COLUMBUS _ Hon had ladders up, a sheet of plywood lying across sawhorses, a cordless drill in her holster. As the silver pickup rolled down the driveway, she was hoisting a sheet of galvanized steel onto the roof deck of the entranceway.
Buddy and I were out behind the barn this gray Saturday morning. We were sitting on big cold rocks, shooting the .22 at a pizza box some 50 feet away. The nine-year-old drew the stock against his shoulder, steadied his left elbow on his knee. He squinted at the target, trying to stop the wobble as his right index finger curled back slowly.
Suddenly the gun barked and the box top twitched in a puff of smoke.
"Good one," I guessed, but we got up to inspect the target, a black, spray-painted bullseye, more closely.
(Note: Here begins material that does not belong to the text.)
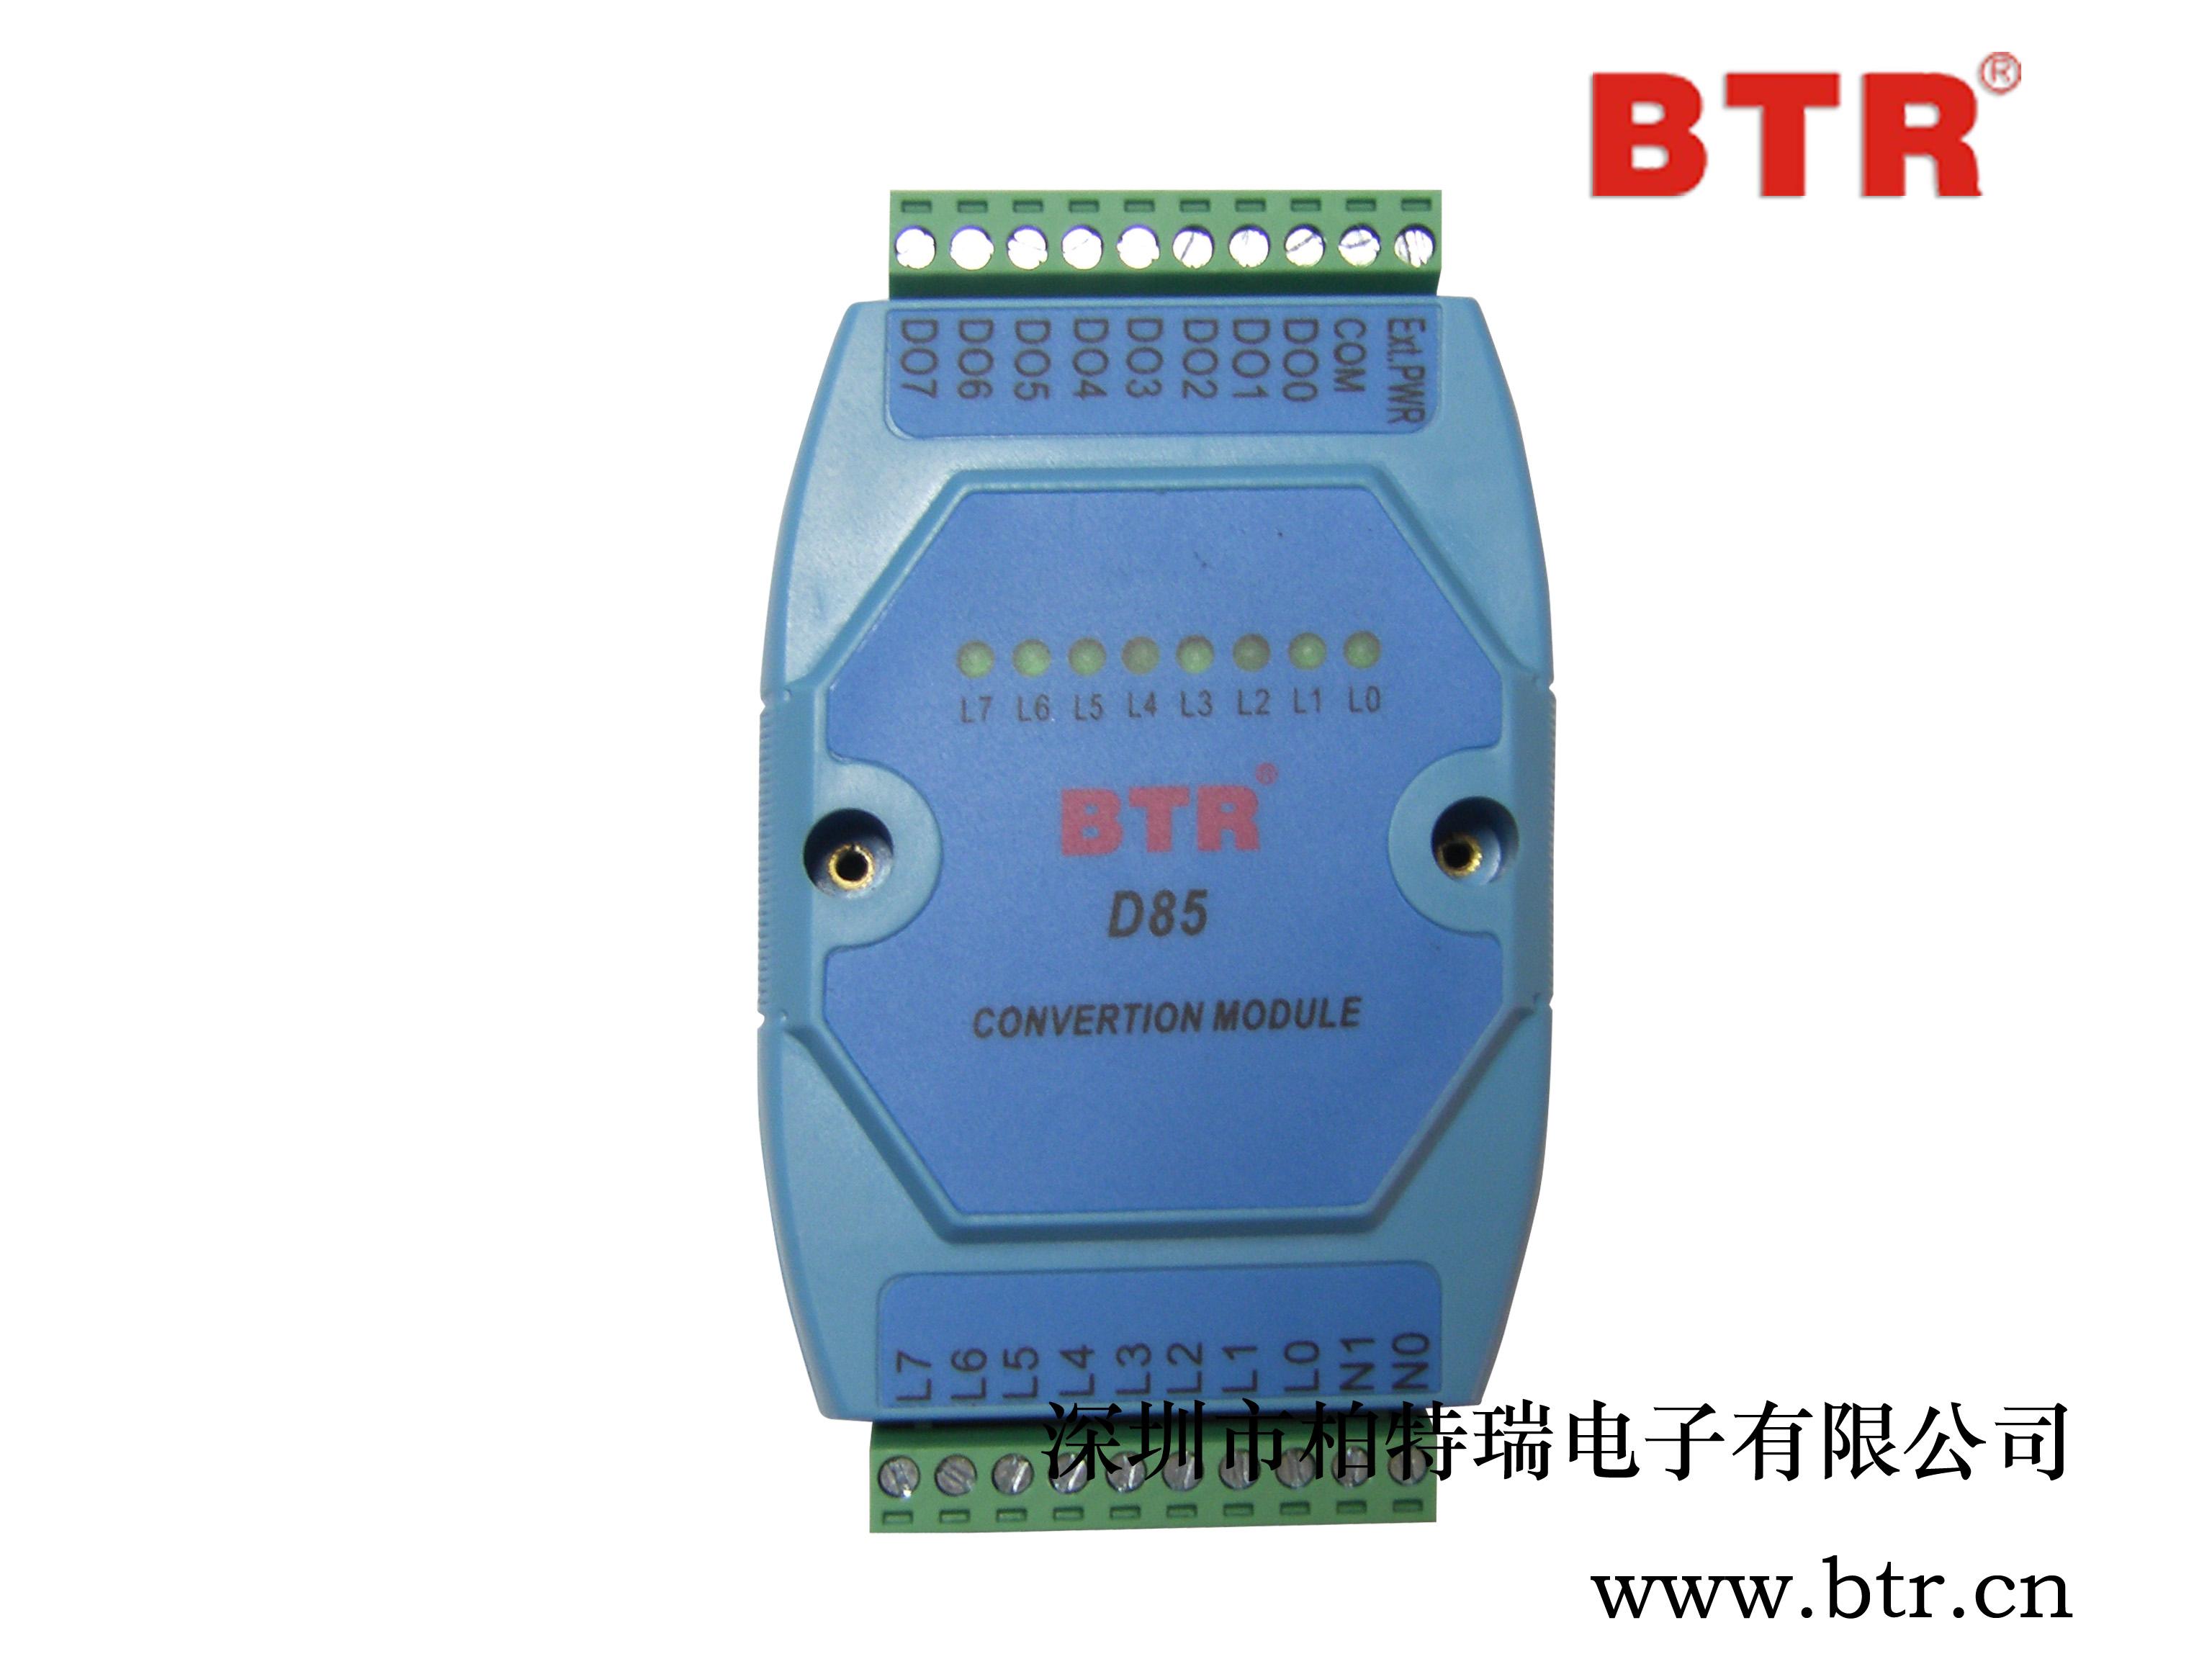 BTR-D85 BTR02045 强电转开关量模块

"Someone's here," he said as he looked toward the road. "I think it's Uncle Chet." We circled back to the house.
"Do you think he wants to shoot?"
"I doubt it," I said as I removed the clip and cleared the chamber. "We can shoot again later."
After we had skirted the barn, there was Uncle Chet in his brown Carhartt coat and old red-and-black checked hat, holding an edge of galvanized roofing as Hon fastened it with screws.
"Well, Grandpa always said, `Never get any more work than your woman can handle,"' he drawled. "And you've got that down pat."
"Grandpa was a smart man."
"We were shooting," Buddy said.
"I can see that," Uncle Chet said as we all went inside, which was like a sauna because the wood stove had been cooking.
I reheated coffee on the gas stove.
"I like your portico," Uncle Chet said as he sat down at the kitchen table.
"I want to get it done today," Hon said. " The plywood's been out in the rain for a week."
"With the crew you've got, you're in trouble," he said.
"I told her to call me if she needed me," I said from the stove.
"I didn't," she said. "I just can't stay long now because I've got everything in my head, everything set up."
"Then get back; I'll bring you a coffee," I said.
"Thanks," she said as she reached for her coat and went back outside.
"You've got it made," Uncle Chet remarked as I poured the coffee.
"Half a day a week I do," I said.
"Well, the day I want to talk about is Tuesday," he said. "We've got the best president in generations fighting for his political life. The Republicans are trying to rub him out, him and Nancy Pelosi, for trying to save the middle class."
"We've got to get off our tails and vote," I said.
"You betcha! We've got to vote to thank Obama for winding down the Iraqi War, Bush's gift to Haliburton and Blackwater. Thank him for averting a depression, turning the ship around in just 21 months, though the big money and all the GOPers were against him, hoping he'd fail, hoping we'd fail."
"True."
"How about driving down the price of a student loan, making education more affordable for millions by cutting out the loan sharks?"
"Music to my ears. You're talking to the father of a high school senior."
"And we haven't even gotten to taking on the health insurance industry, putting the brakes on runaway rate hikes, allowing children to stay on their parents' plans, creating health insurance exchanges, even if the new rules don't kick in at once."
"He's lucky to get what he got," I said.
"Of course! He's had to do it with billionaires like Rupert Murdoch in his face, the media in their pockets, and with a right-wing Supreme Court corrupting politics in the name of free speech."
"That Citizens United case could be his undoing," I said.
"Our undoing," Uncle Chet said, "because we won't get another Obama in our lifetimes, a man who's on the workers' side despite the death threats, the birthers' slander and the guilt-by-association lies spewed by the rabble, those tools of the ruling elite."